DATA:
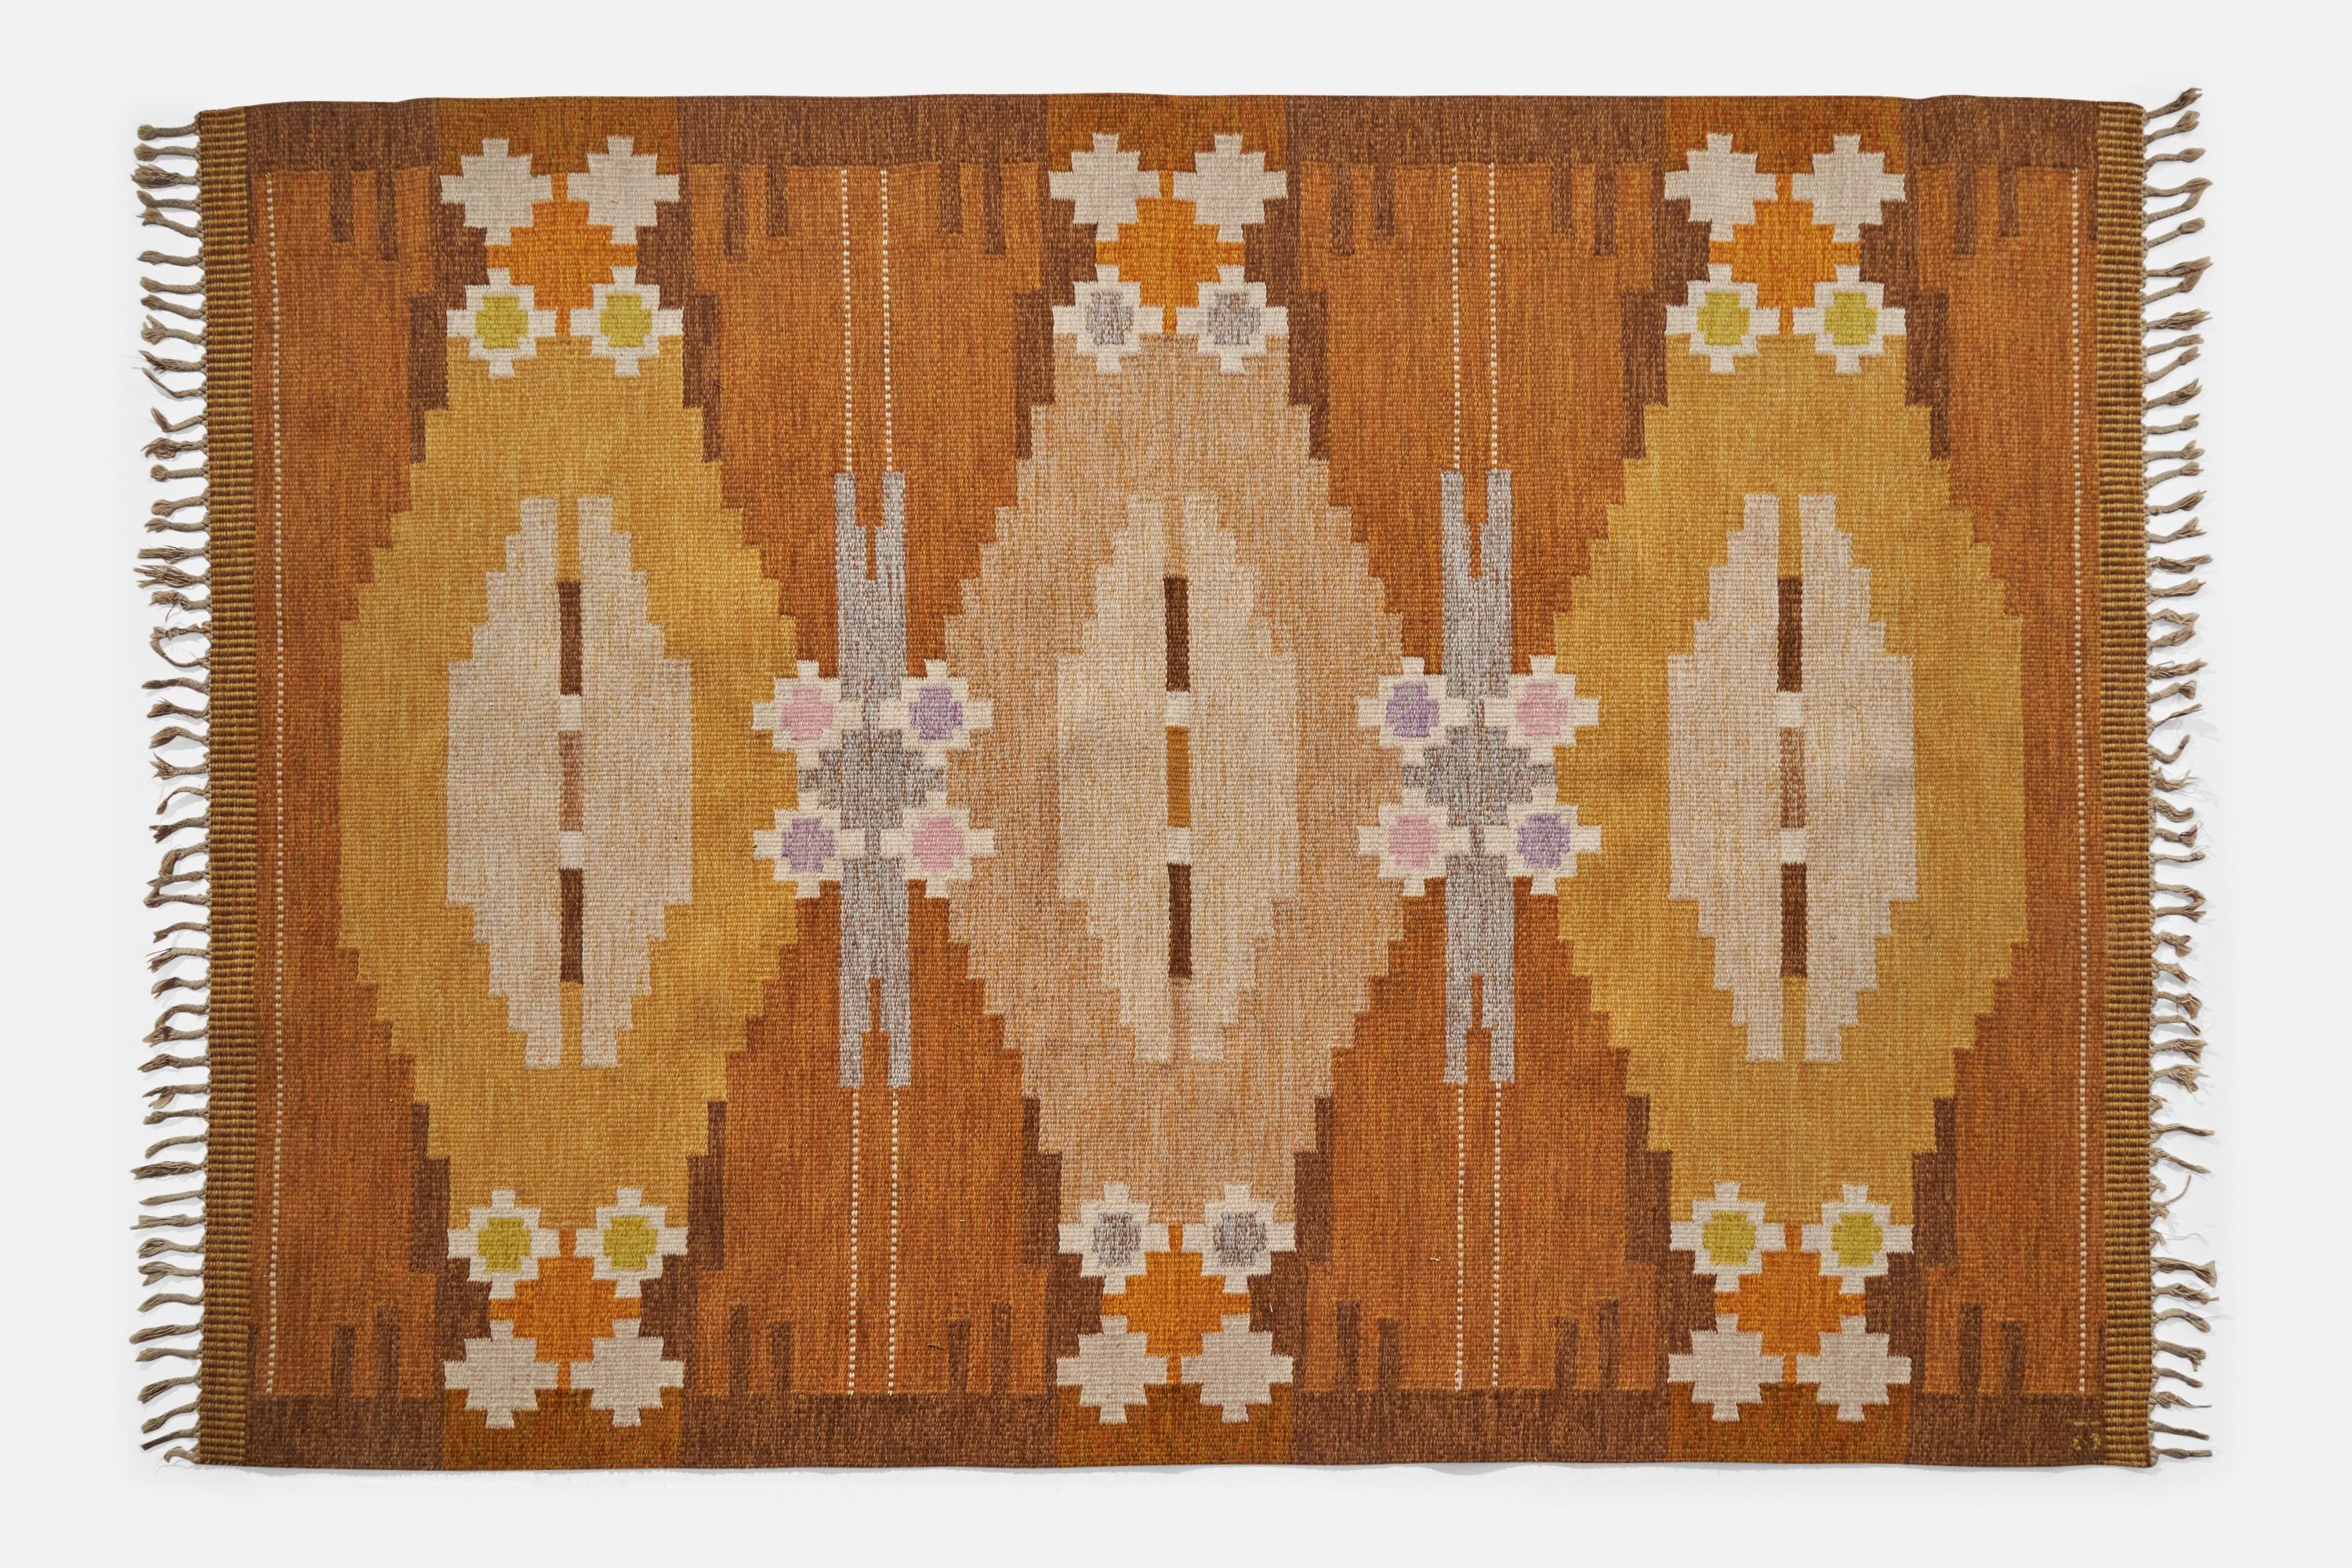 An orange, brown and yellow-dyed flatweave wool carpet designed and produced by Ingegerd Silow, Sweden, c. 1950s.
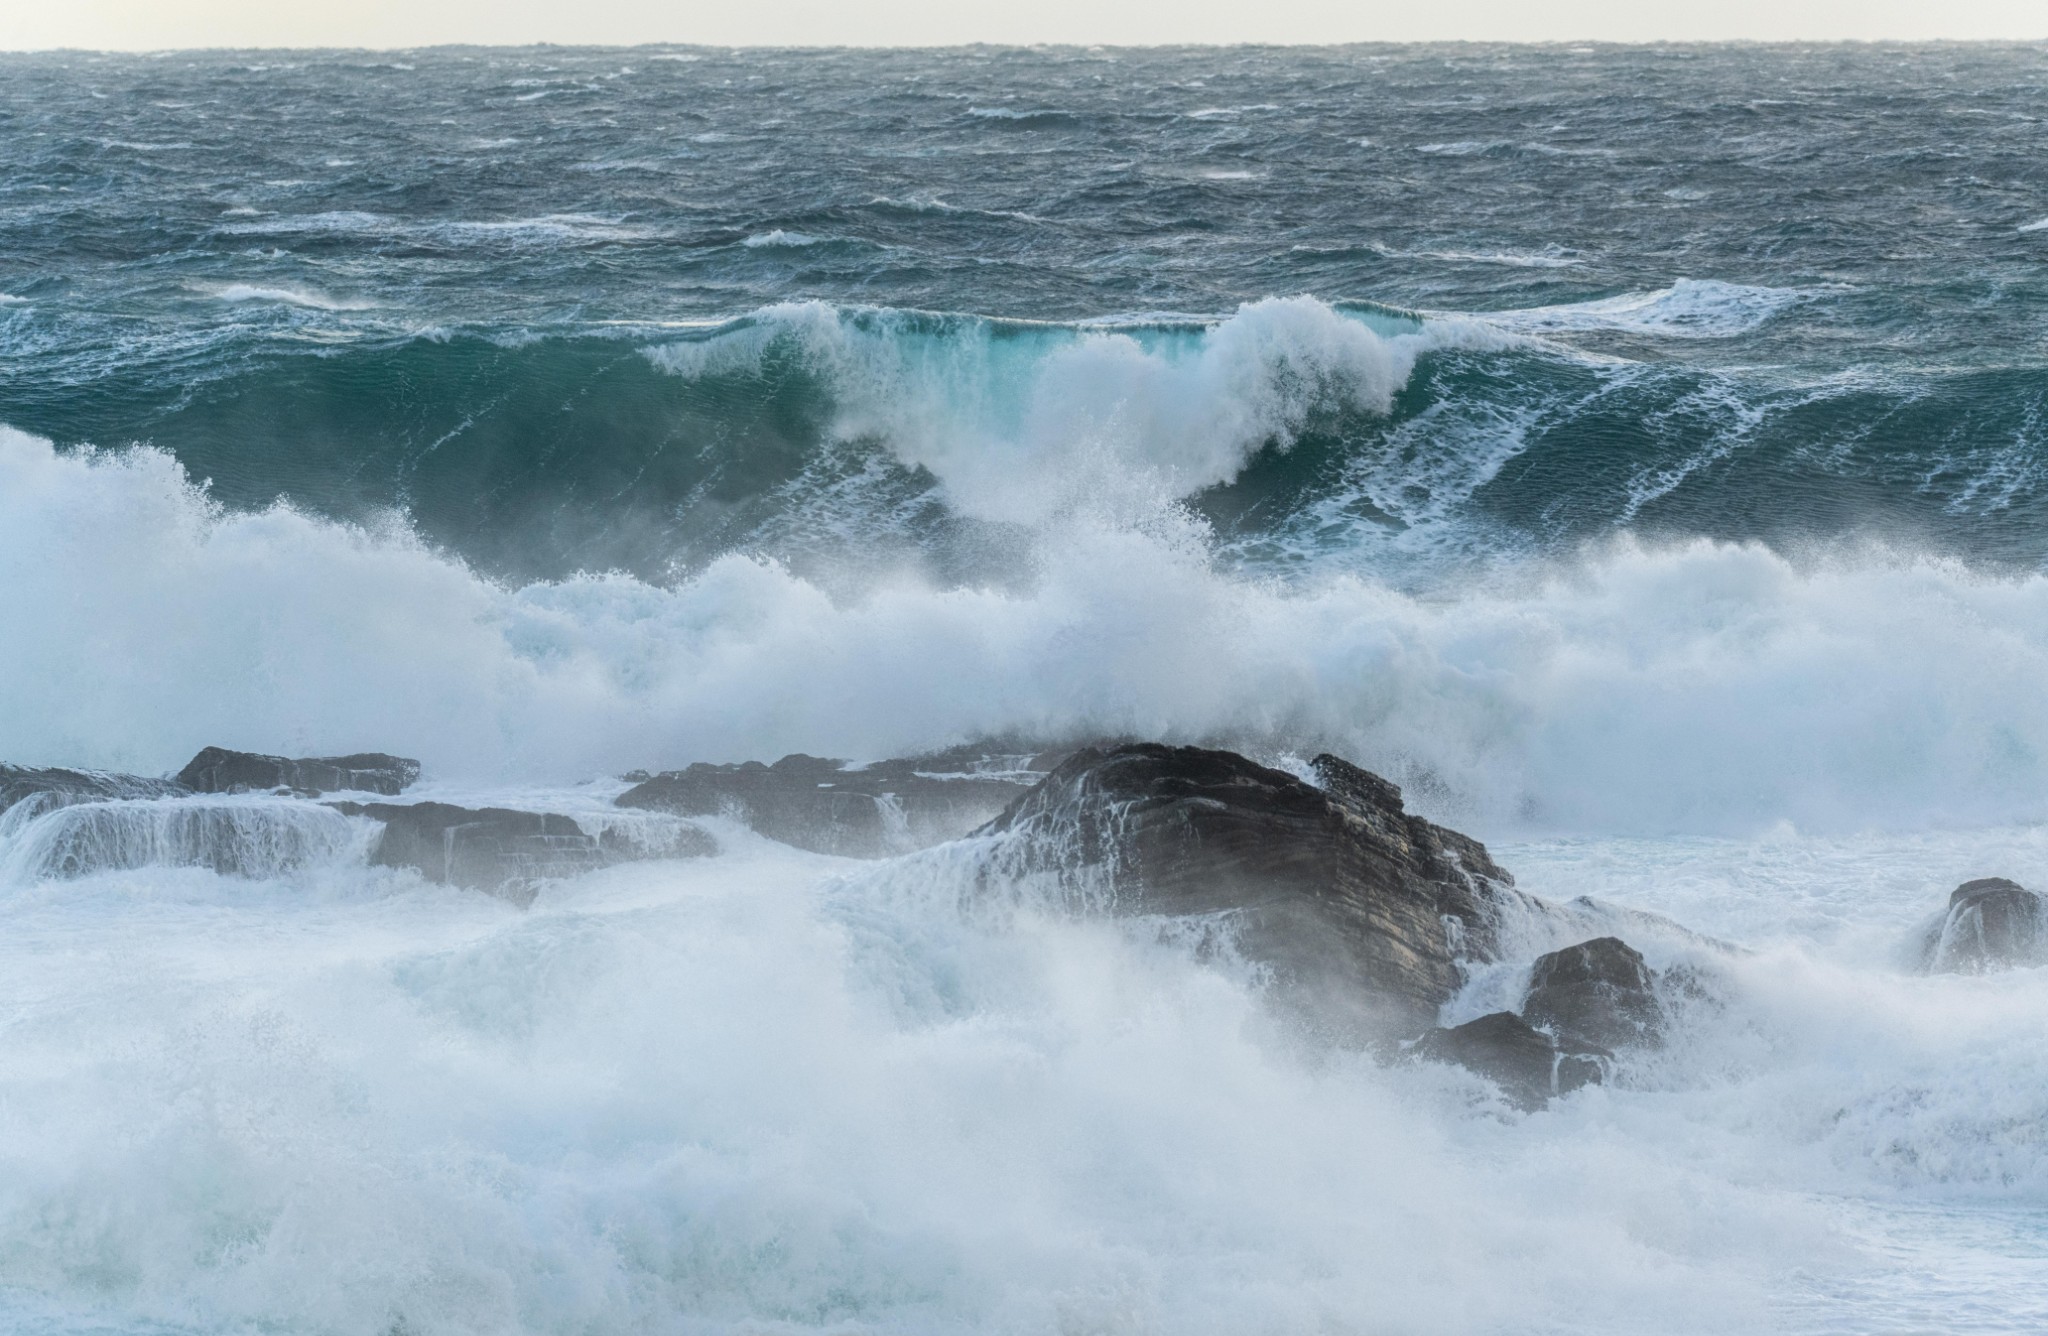 Wild seas in Orkney during Storm Arwen - image by Raymond Besant
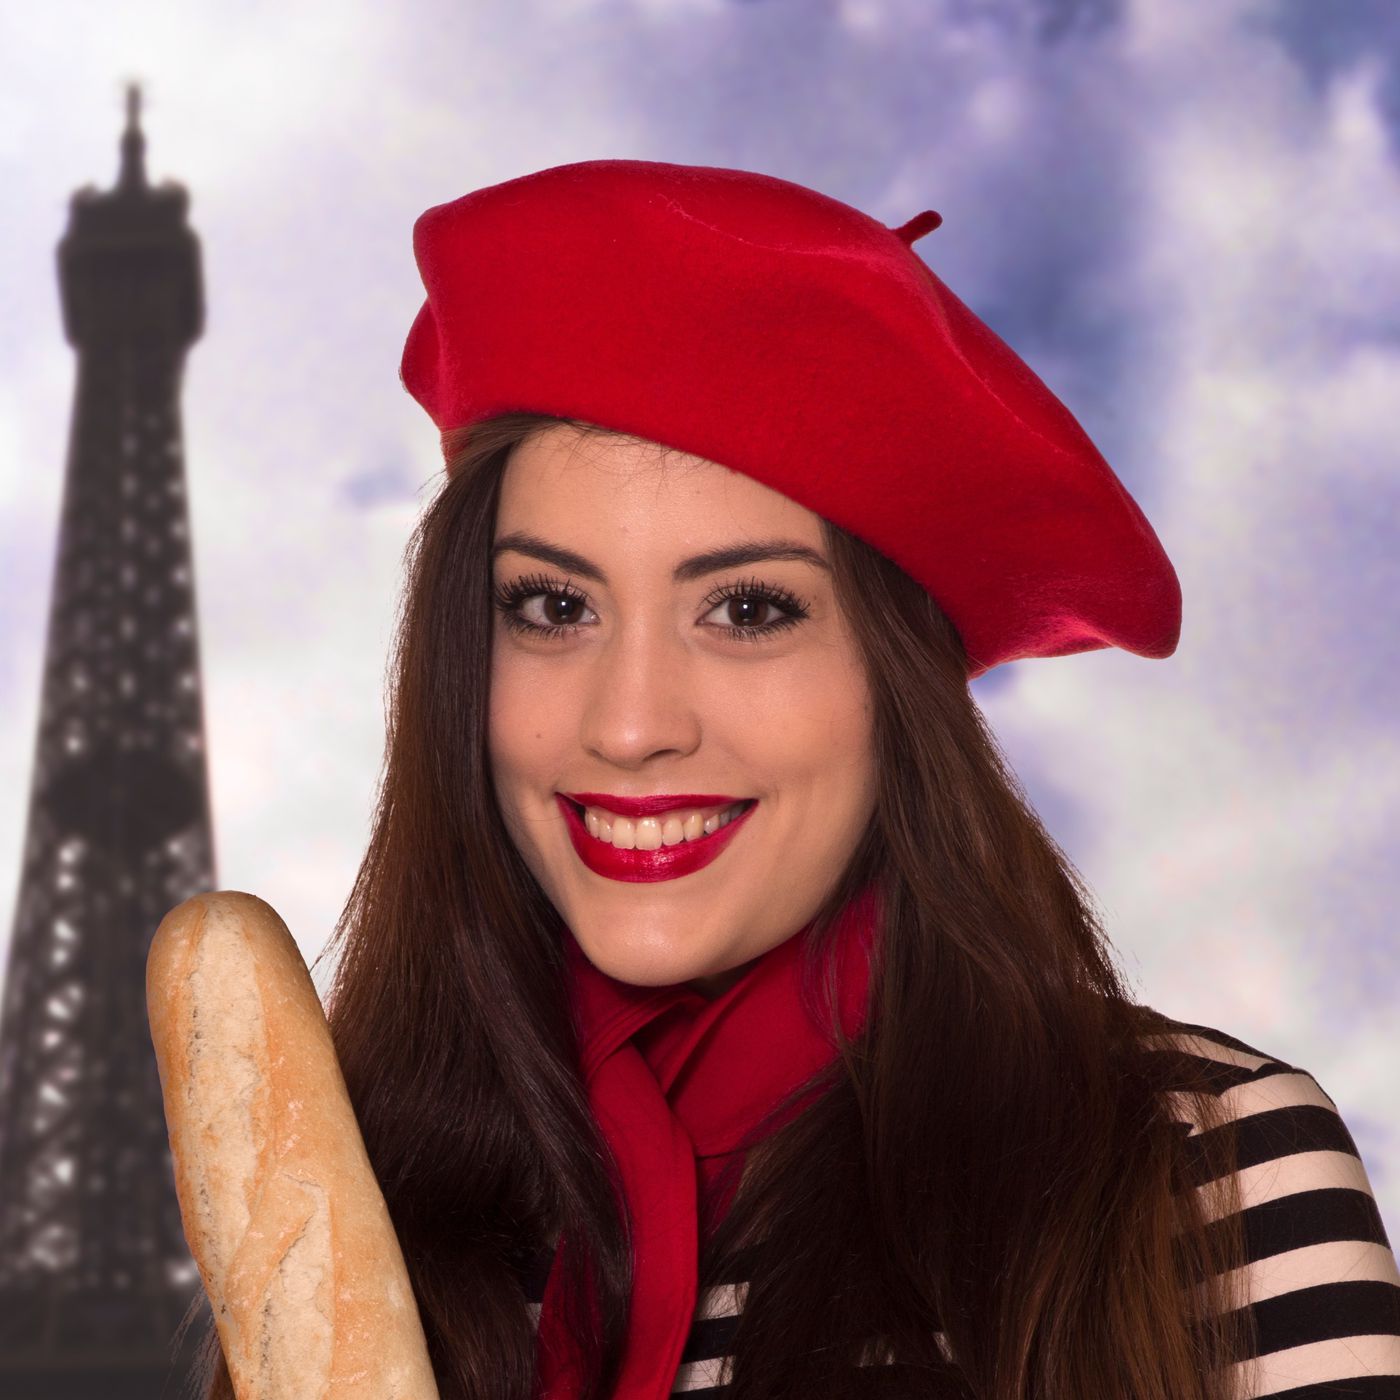 Where Aspirational French Lady Articles Come From - Racked

TASK GOAL:
Omit the pictures, then quote the rest of the material above exactly.

RESPONSE TO THIS TASK:
 An orange, brown and yellow-dyed flatweave wool carpet designed and produced by Ingegerd Silow, Sweden, c. 1950s.
 Wild seas in Orkney during Storm Arwen - image by Raymond Besant
 Where Aspirational French Lady Articles Come From - Racked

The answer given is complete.